- RECORDED DATA -
*** Block opens ***
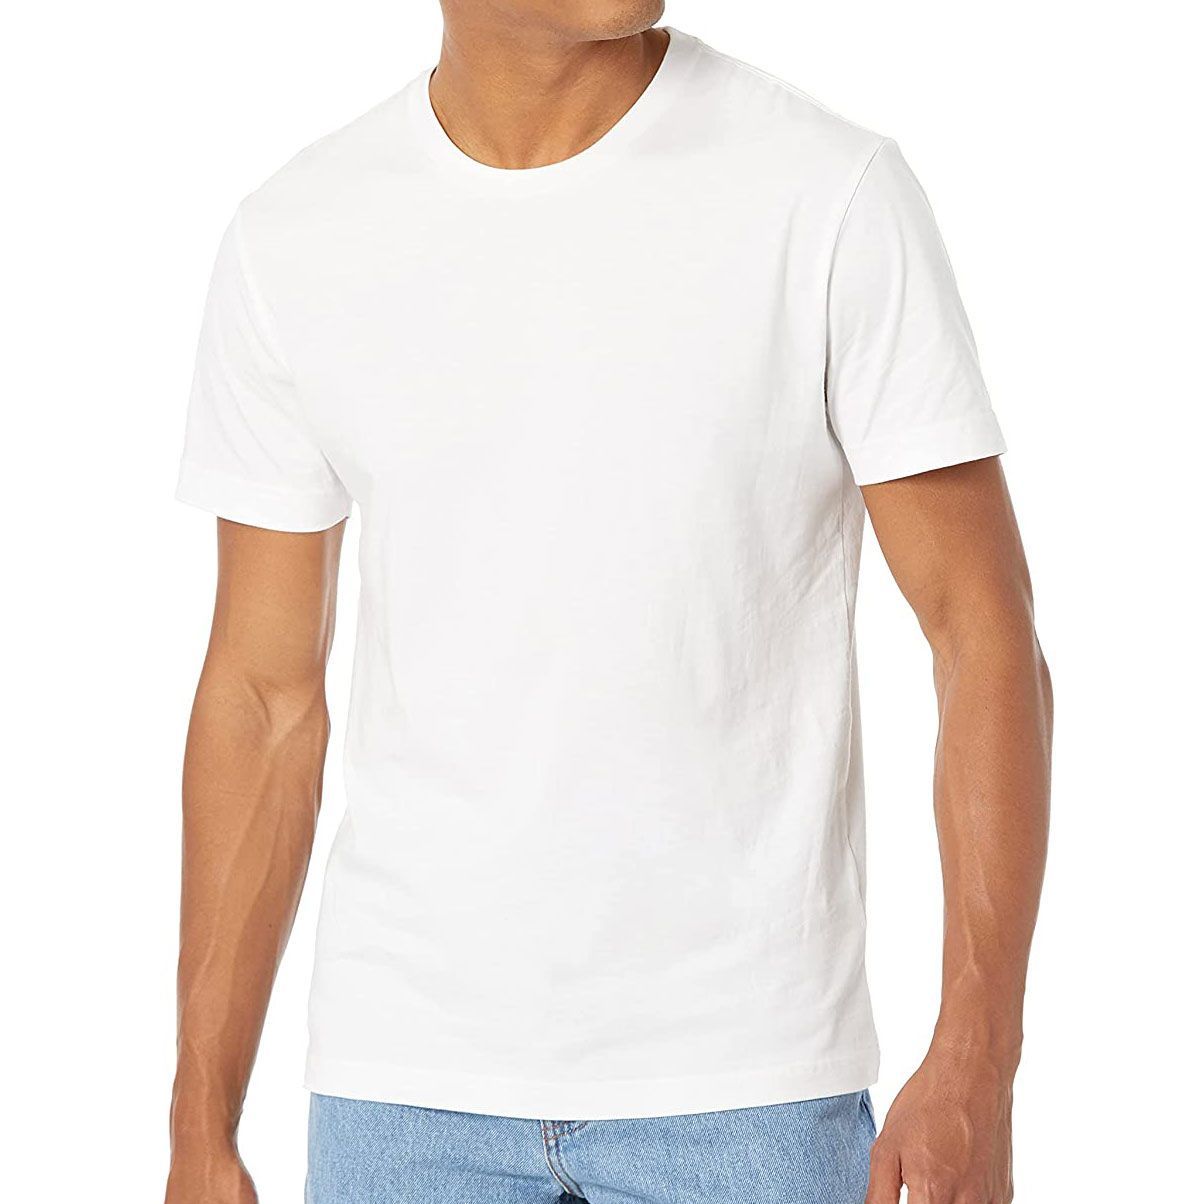 classic white t shirt
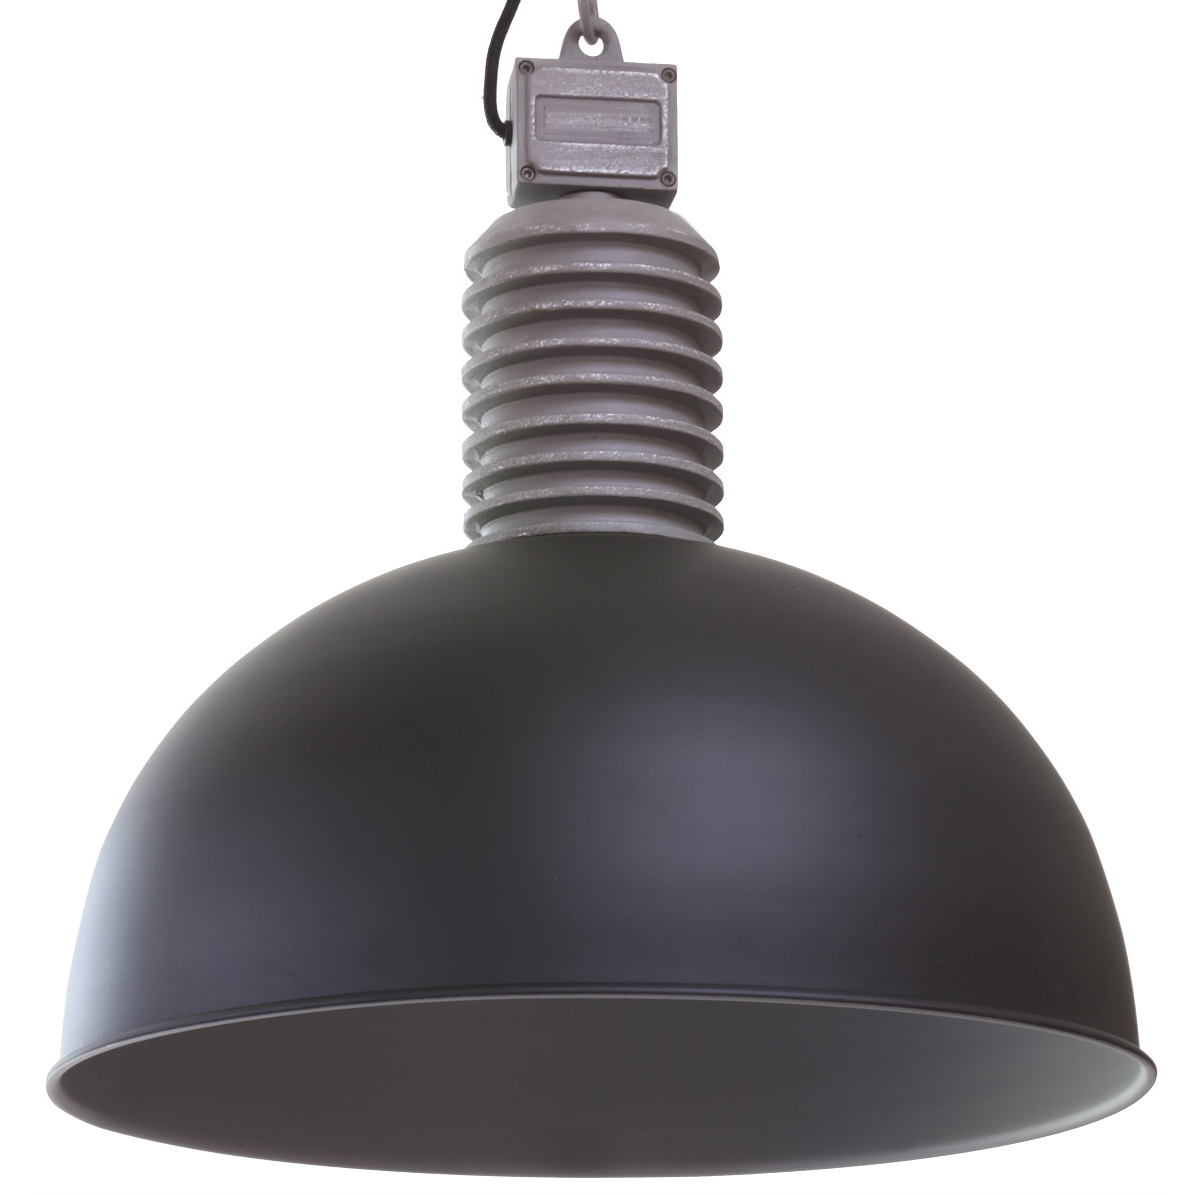 Gooi Wortel verdund LOS Hanging loft lamp with chain in industrial design - Casa Lumi
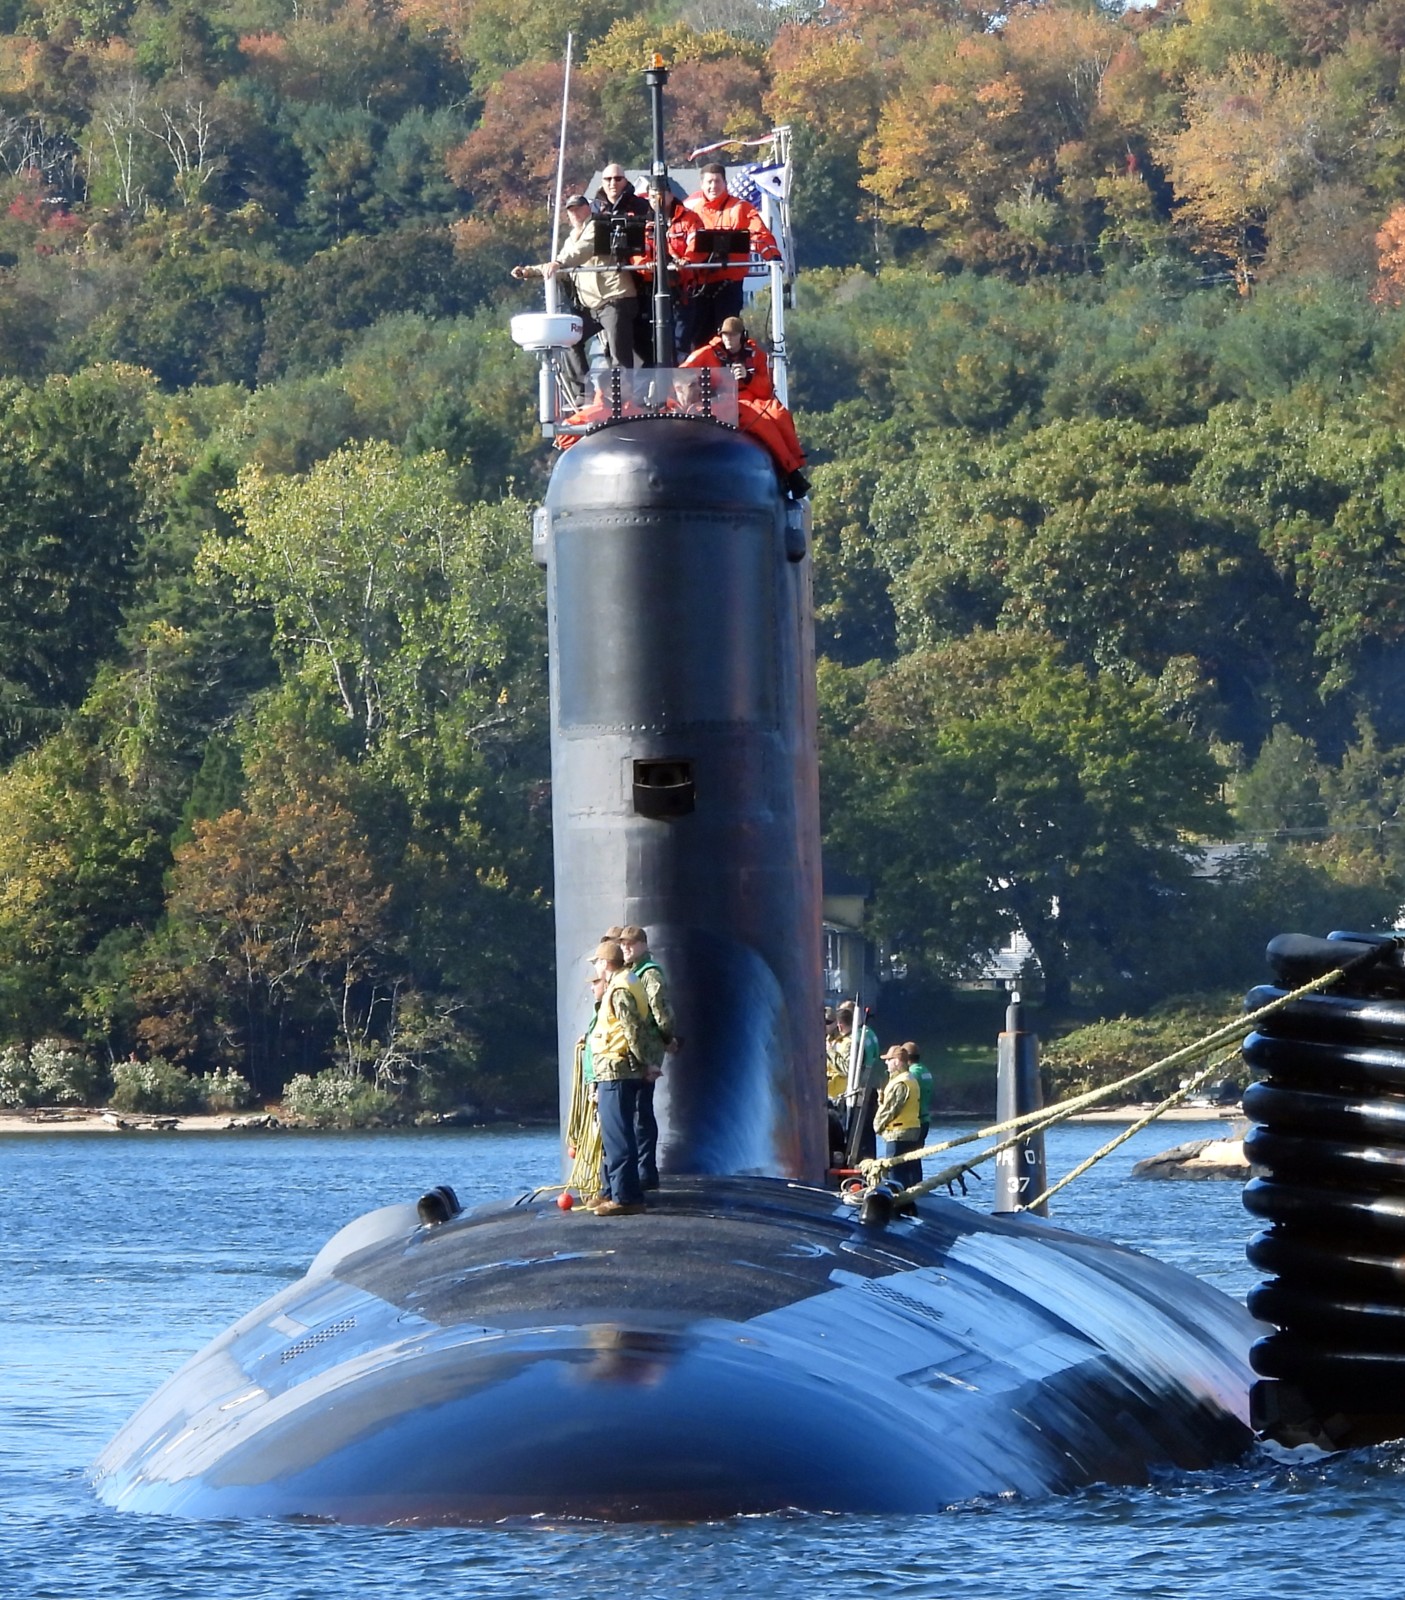 ssn-793 uss oregon virginia class attack submarine block iv us navy returning subase new london groton 16
*** Block closes ***
- EXERCISE -
The whole listing, minus its images, should be repeated exactly.

- RESPONSE TO THE TASK -
 classic white t shirt
 Gooi Wortel verdund LOS Hanging loft lamp with chain in industrial design - Casa Lumi
 ssn-793 uss oregon virginia class attack submarine block iv us navy returning subase new london groton 16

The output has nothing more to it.